WASHINGTON, Jan. 18 (Xinhua) -- The United States said on Friday that it will not negotiate with terrorists taking foreign hostages in an Algerian gas field.
State Department spokeswoman Victoria Nuland ruled out the possibility in response to the militants' demand for release of Pakistani doctor Aafia Siddiqui and Omar Abdel-Rahman, an Egyptian cleric known as "the blind sheikh", who were convicted in the United States on terrorism charges.
"The United States does not negotiate with terrorists," Nuland told reporters at a regular news briefing.
She said the hostage situation "remains extremely fluid" on the ground, and Washington was continuing its work with the Algerian government and other countries involved for a solution.
Secretary of State Hillary Clinton spoke to Algerian Prime Minister Abdelmalek Sellal on Friday for a straight third day to " get his perspective about exactly what's happening on the ground, how the operation is unfolding," Nuland said.

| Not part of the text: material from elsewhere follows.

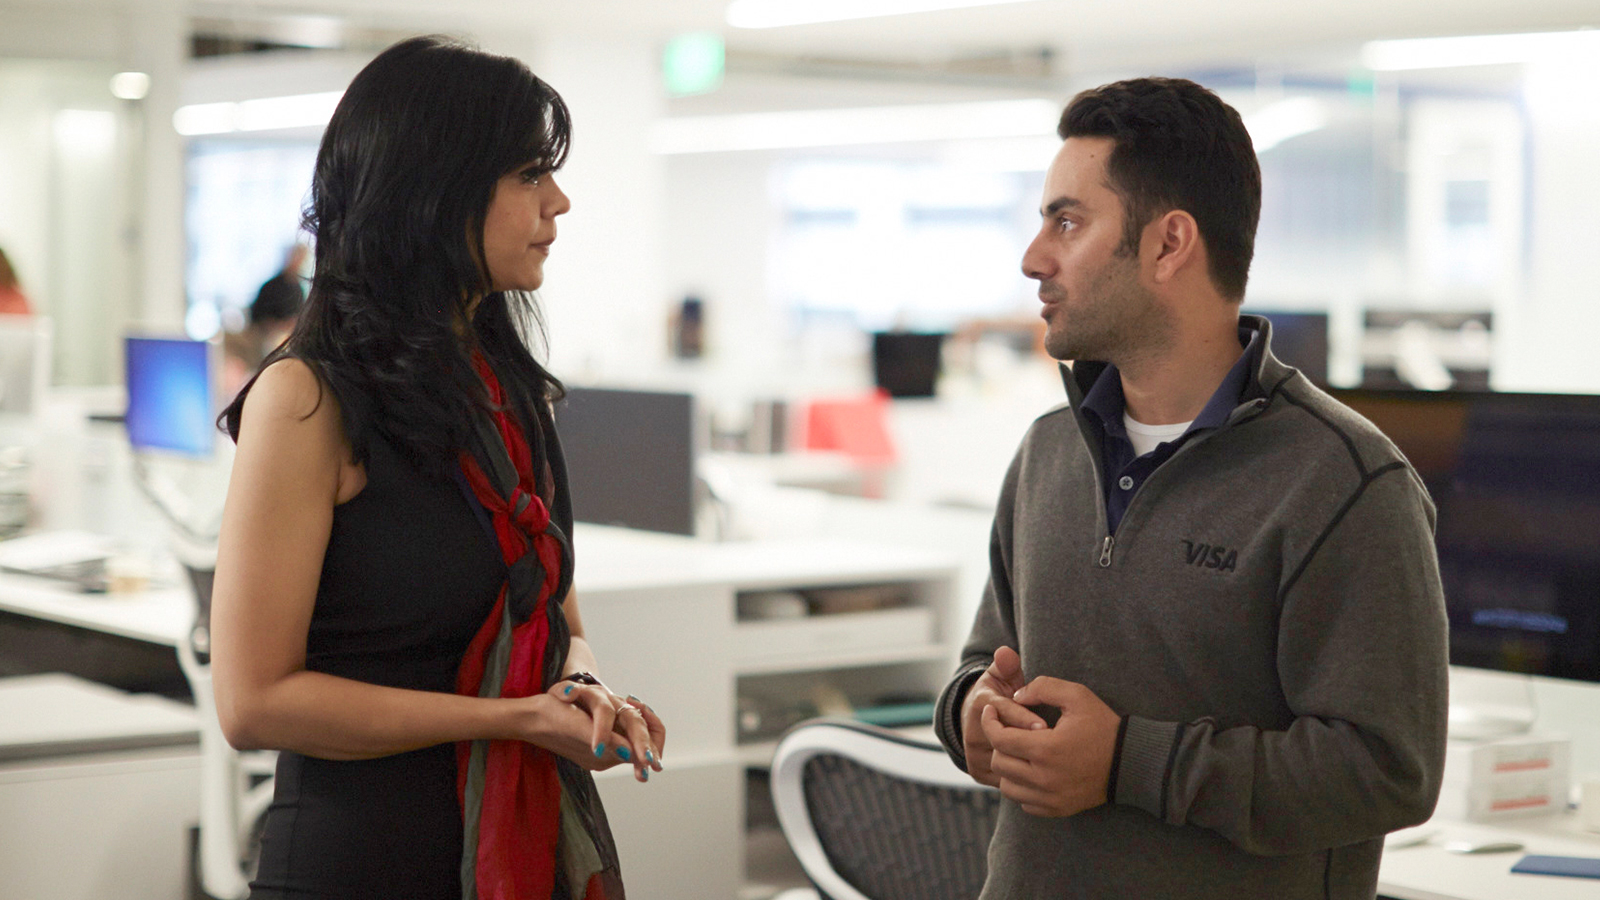 Woman and man discussing topic in office

"She obviously expressed our concern for our citizens," she noted. "As we have throughout this, we urged that we minimize loss of civilian life here."
The top American envoy spoke as well of efforts to "strengthen Algeria's capacity against terror," Nuland said, adding "She made clear that even after this incident is over, we want to continue to deepen and strengthen that relationship."
"But given that this is an ongoing hostage situation, I am still not going to be in a position to get into any details here with regard to the status of Americans or any other hostages out of concern for the safety and security of all of them and the hope that we can minimize the loss of innocent life here," she said.
The Algerian military launched an air and ground assault on Thursday in an attempt to rescue hostages taken a day earlier at the oil facility near In Amenas by al-Qaida-affiliated militants to avenge Algeria's support for French involvement in conflict in neighboring Mali.
More than 670 hostages, including 573 Algerians and about 100 foreigners, were freed in the raid, but an unspecified number of people were killed as well, Algeria's APS news agency said.
The operation has drawn criticism from countries like Japan and Britain who said they were not consulted before the action.